NCAR / geocat-examples

GeoCAT-examples provides a gallery of visualization examples demonstrating how to reproduce plots from NCL Applications scripts with packages in Python. It also includes some longer form examples demonstrating how to use functionality from various GeoCAT packages.
https://geocat-examples.readthedocs.io
Apache License 2.0
66 stars 42 forks source link

Updating Polyg_19 #216

Closed michaelavs closed 3 years ago

michaelavs commented 4 years ago

Updating Polyg_19 to create a faster running code

michaelavs commented 4 years ago

@hCraker I was wondering if you have any specific input on using shapefiles with Python? We are trying to reduce the amount of memory/time to run on polyg_19 as it causes our builds to fail for readthedocs. The code block causing issues is ` for shape in us.shapeRecords():

if shape.record[3] == 'Alaska':
    plotRegion(shape, axin1, [None, 100], puertoRico=False, waterBody=False)
elif shape.record[3] == 'Hawaii':
    plotRegion(shape, axin2, [-161, None], puertoRico=False, waterBody=False)
else:
    plotRegion(shape, ax1, [None, None], puertoRico=False, waterBody=False)

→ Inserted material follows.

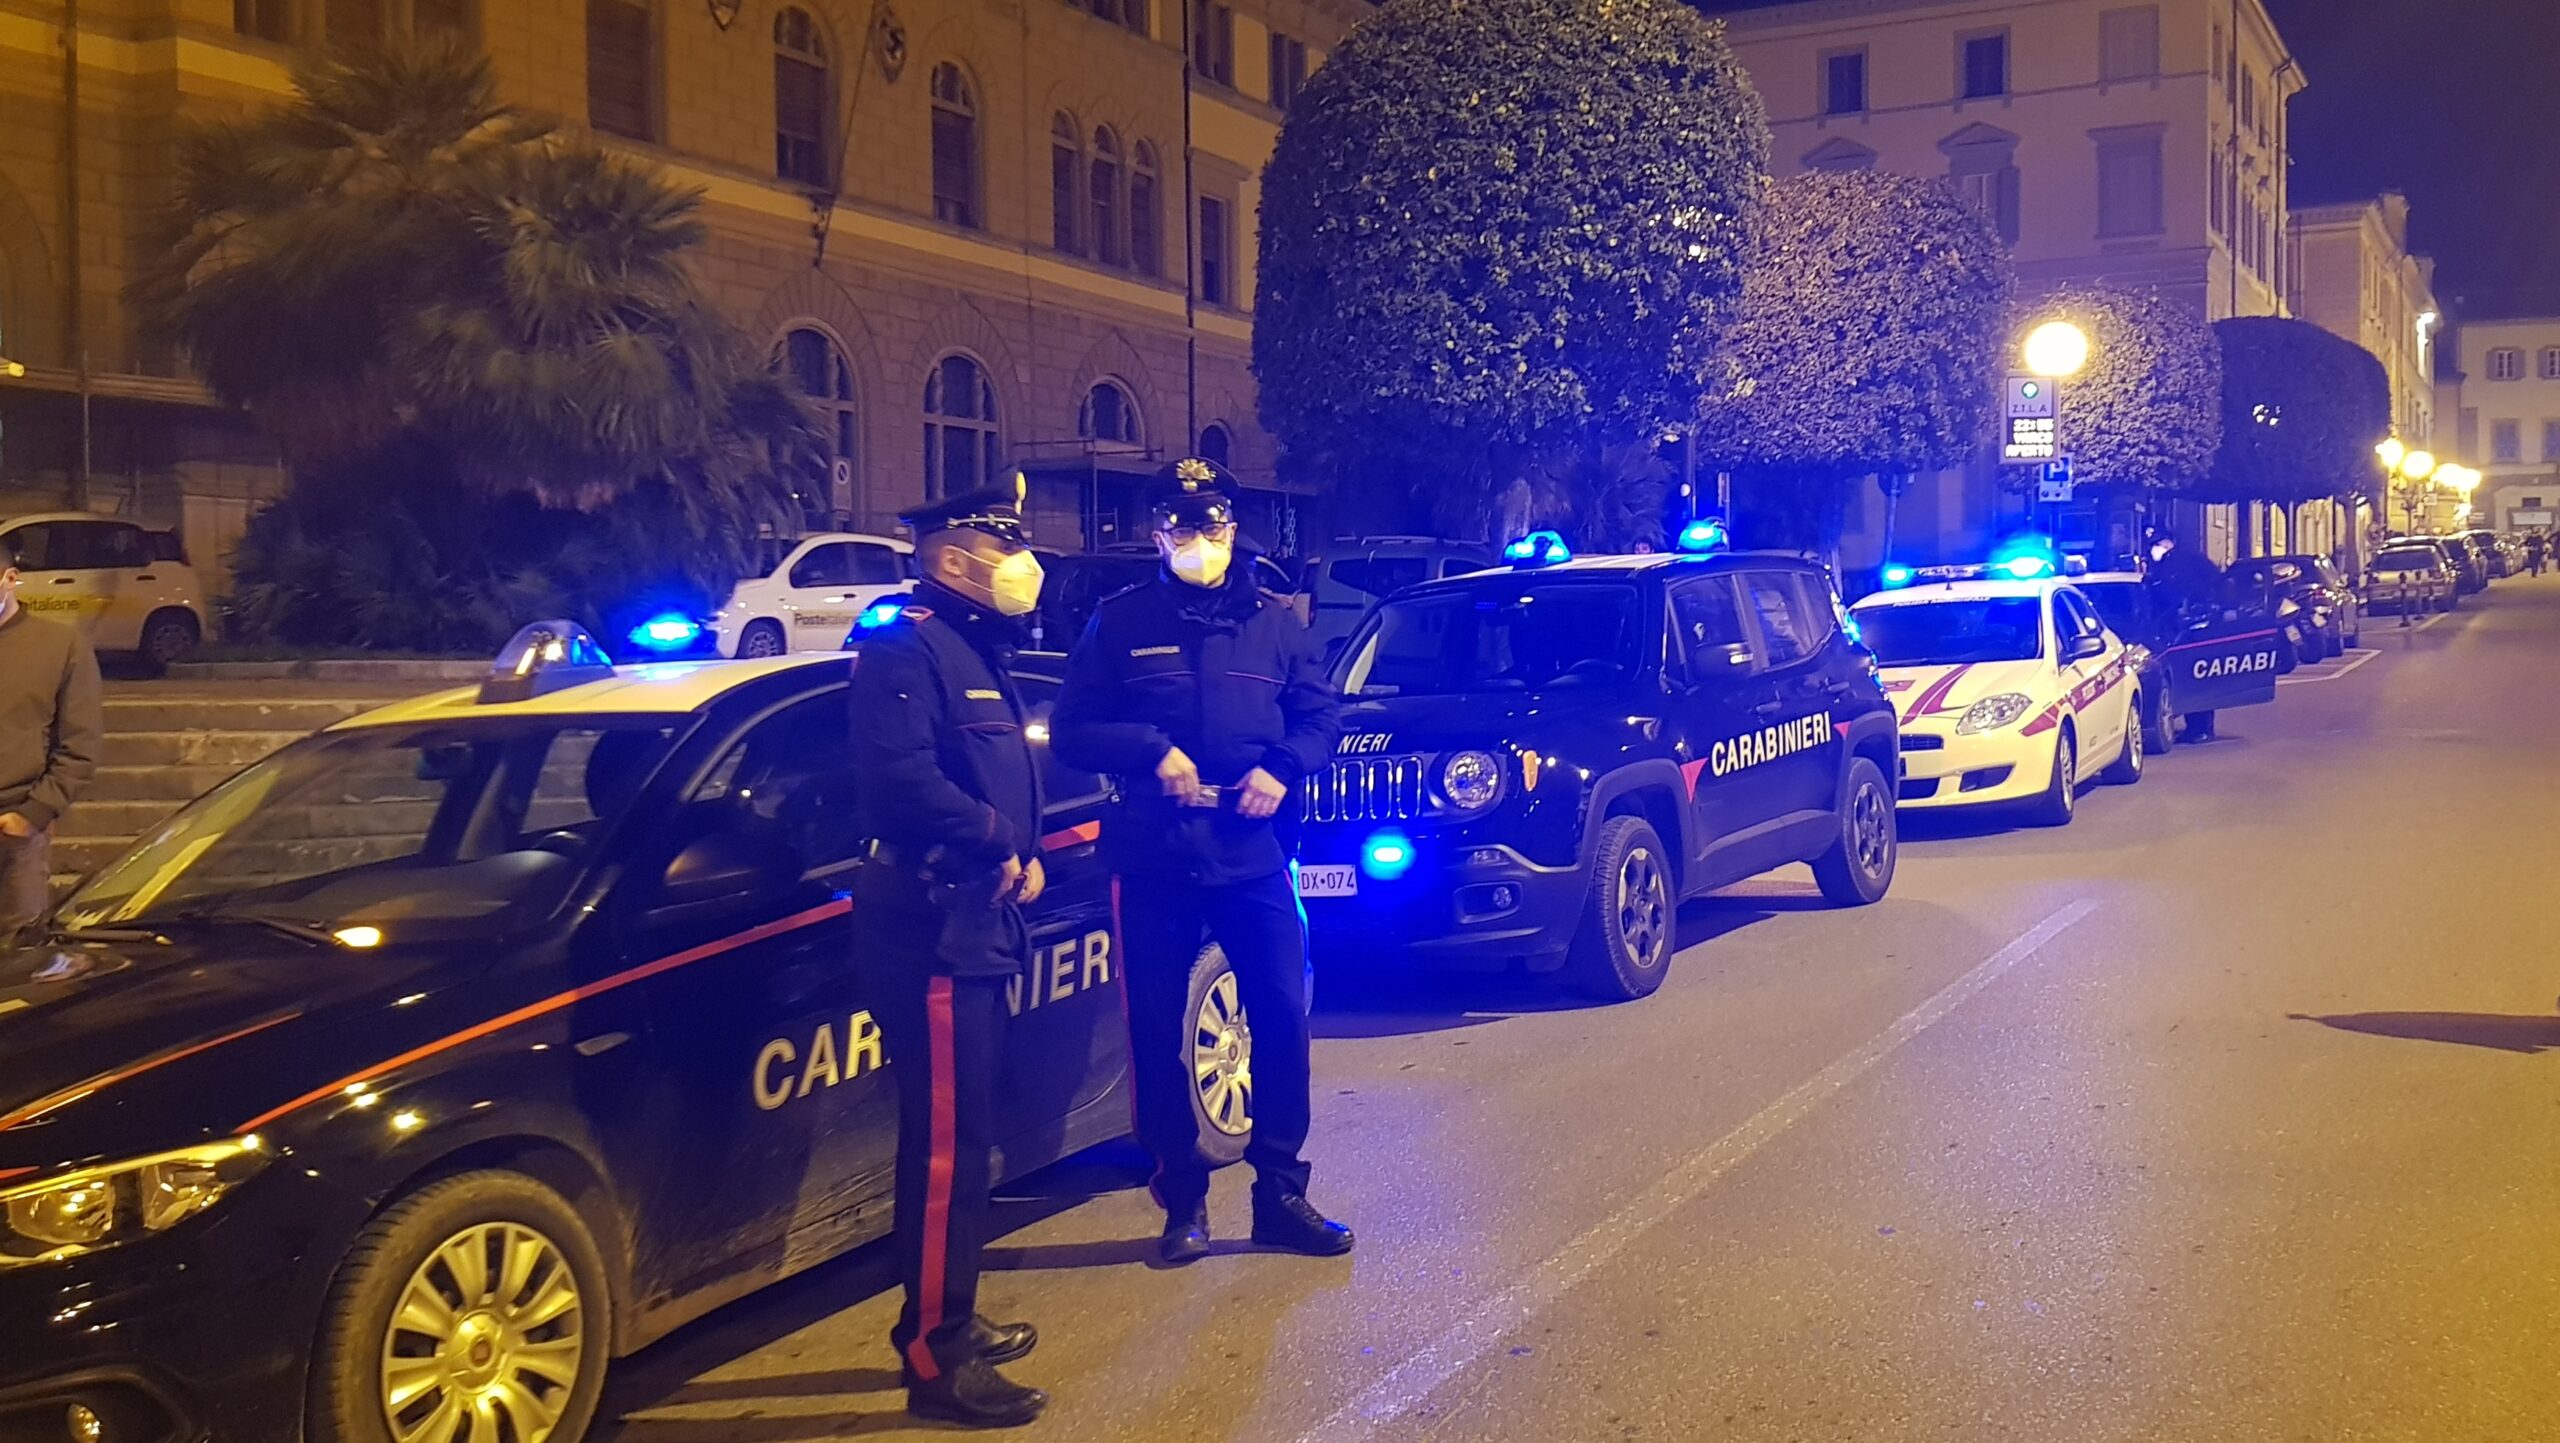 “Movida” nel centro storico: i carabinieri denunciano 5 persone a piede libero, 1 sanzionata per ubriachezza, 3 persone trovate in possesso di stupefacenti

` Which is around line 197. I'm still pretty unsure on how to use shapefiles but noticed you had submitted shapefile_1, so if you have any ideas on how to make this block a bit more efficient, I am open to suggestions!

clyne commented 4 years ago

Hi Michaela,

The first step in solving any kind of performance problem like this is to try to narrow down the hotspot; the portion of the code that is taking the most time. The best way to do this is with a profiling tool of some sort. There may be better options, but cProfile is simple and may do the trick:

https://docs.python.org/2/library/profile.html https://stackoverflow.com/questions/582336/how-can-you-profile-a-python-script

cProfile will tell you how much time is spent in a function call chain. I would start by profiling each call to the function in the above loop. You may get lucky and find that one of the 'shapes' is an outlier. Failing that, you can start profiling individual calls within plotRegion to which particular segment of plotRegion is taking up most of the time. Once you've identified the bottleneck, then you can start thinking about how you might eliminate it. Perhaps it is inefficient code inside of plotRegion that could be restructured, or perhaps it is a function that plotRegion calls, and a different parameter to that function might change the behavior.

In addition to cProfile - or another profiler - simply putting timers around segments of code to see how long they take can also be illuminating. Hope this helps!

cc: @erogluorhan